Every line of the material must be restated exactly, though not its pictures.

START Recorded data

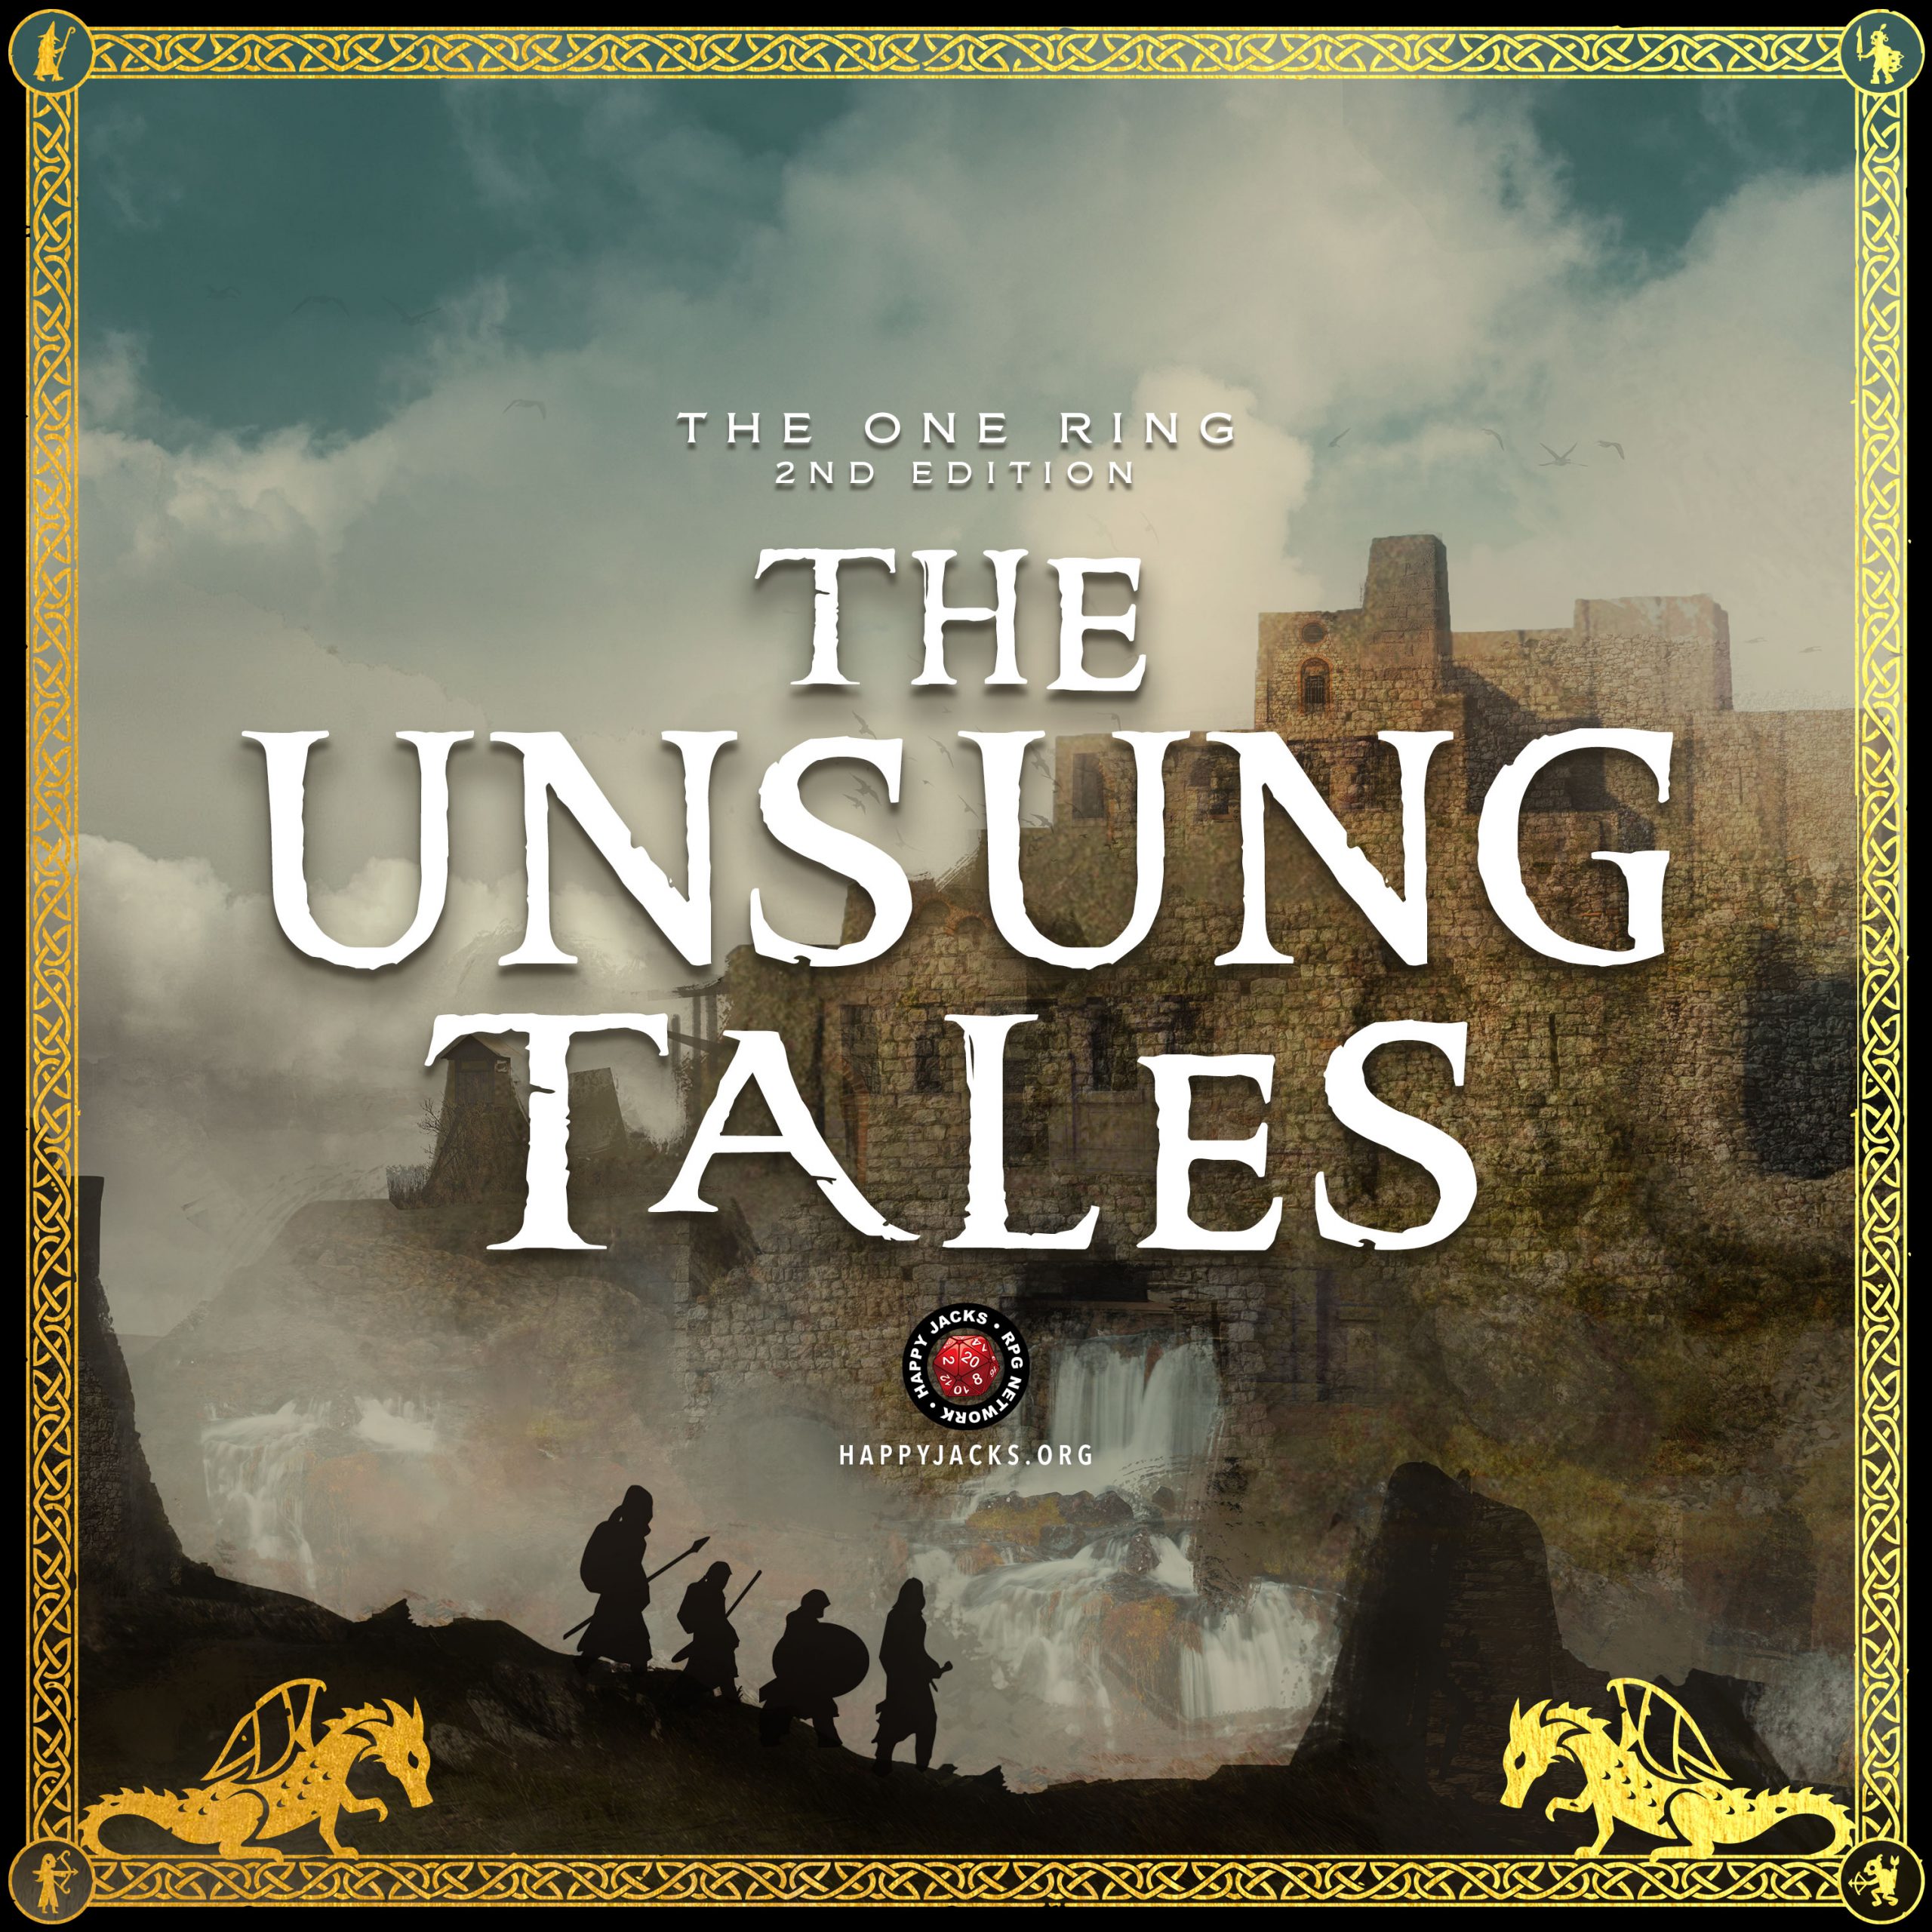 UNSUNG02 Creek’s Crossing | The Unsung Tales | The One Ring 2e
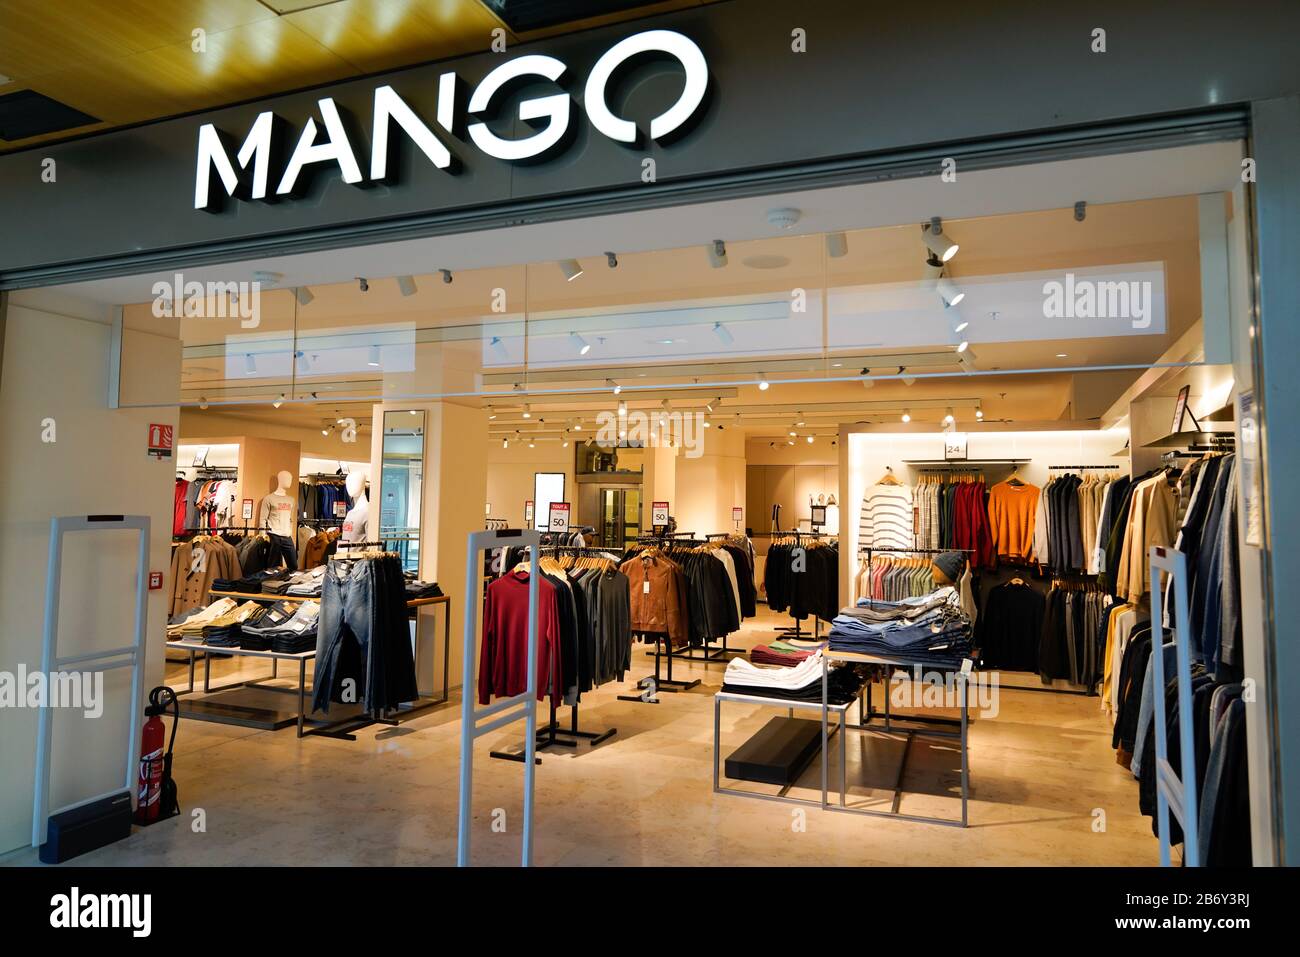 Mango Outlet High Resolution Stock Photography and Images - Alamy
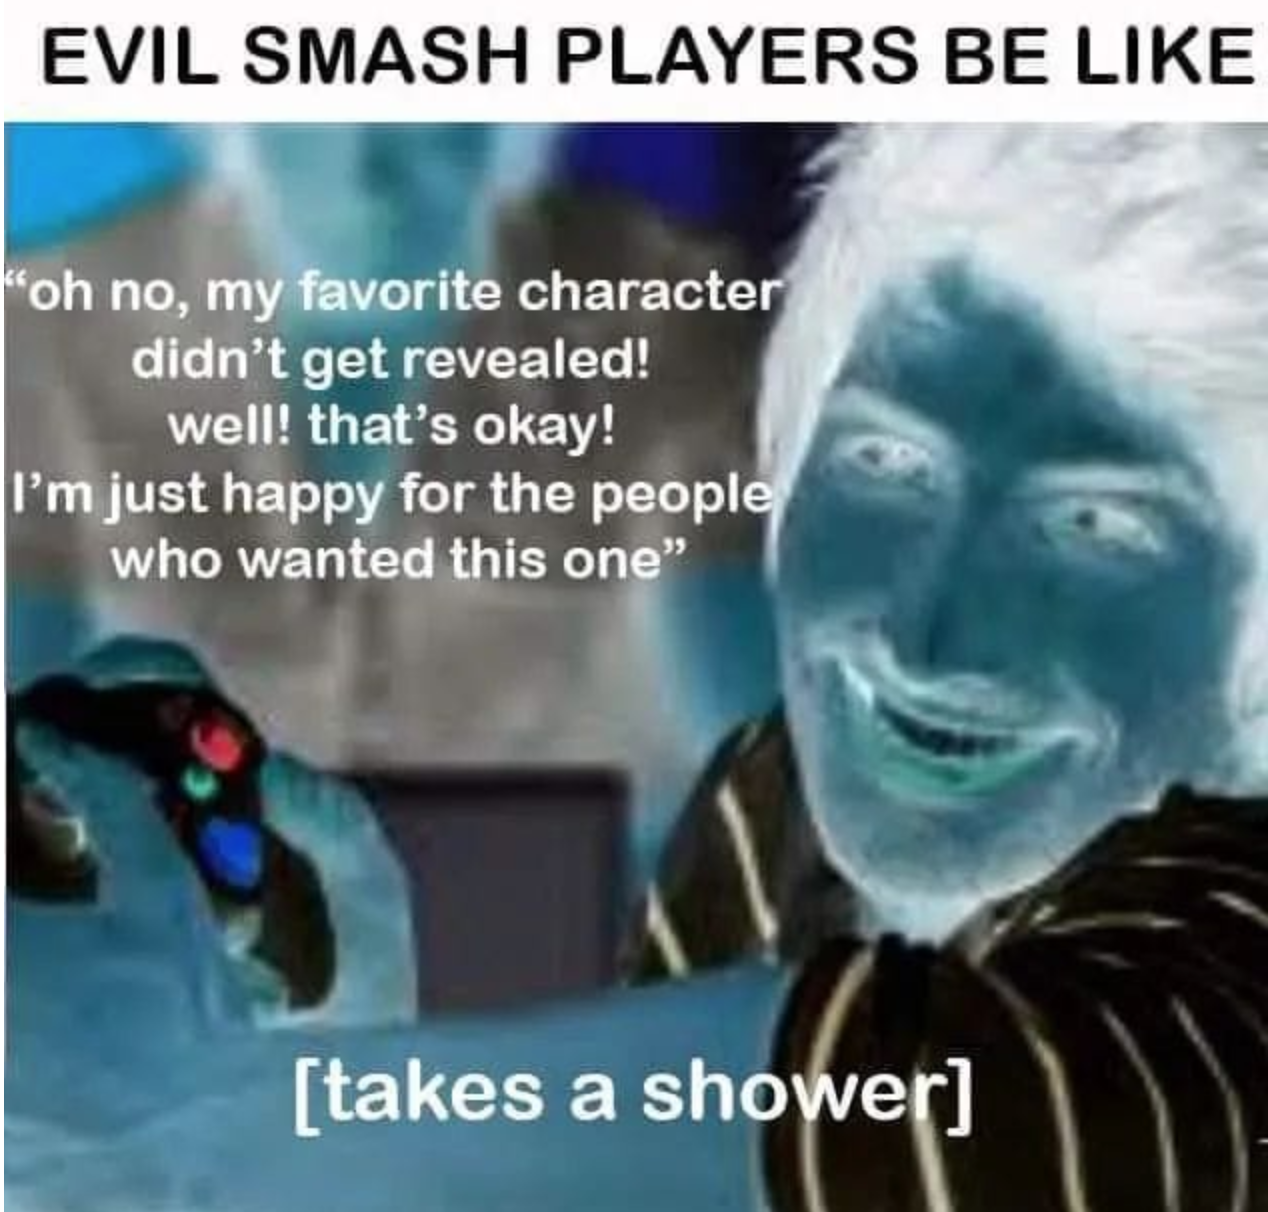 funny gaming memes - Pyrocynical - Evil Smash Players Be oh no, my favorite character didn't get revealed! well! that's okay! I'm just happy for the people who wanted this one" takes a shower
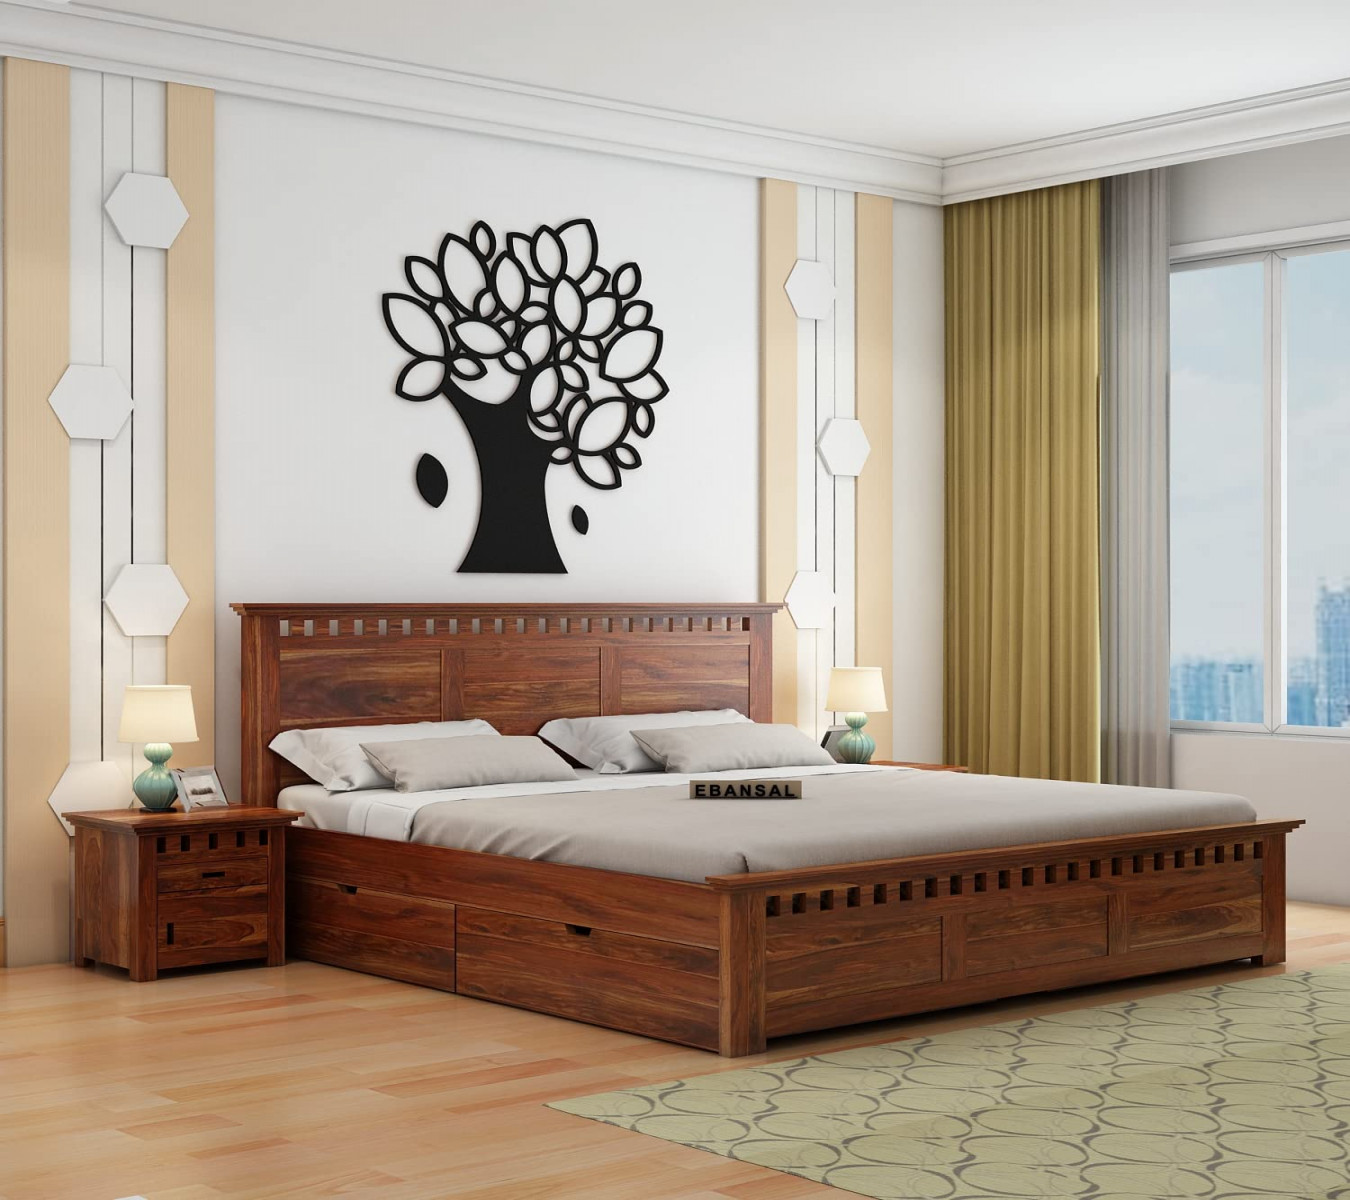 EBANSAL Wooden King Size Bed for Bedroom  Solid Wood Double Bed

END Recorded data

### Solution for this exercise
 UNSUNG02 Creek’s Crossing | The Unsung Tales | The One Ring 2e
 Mango Outlet High Resolution Stock Photography and Images - Alamy
 funny gaming memes - Pyrocynical - Evil Smash Players Be oh no, my favorite character didn't get revealed! well! that's okay! I'm just happy for the people who wanted this one" takes a shower
 EBANSAL Wooden King Size Bed for Bedroom  Solid Wood Double Bed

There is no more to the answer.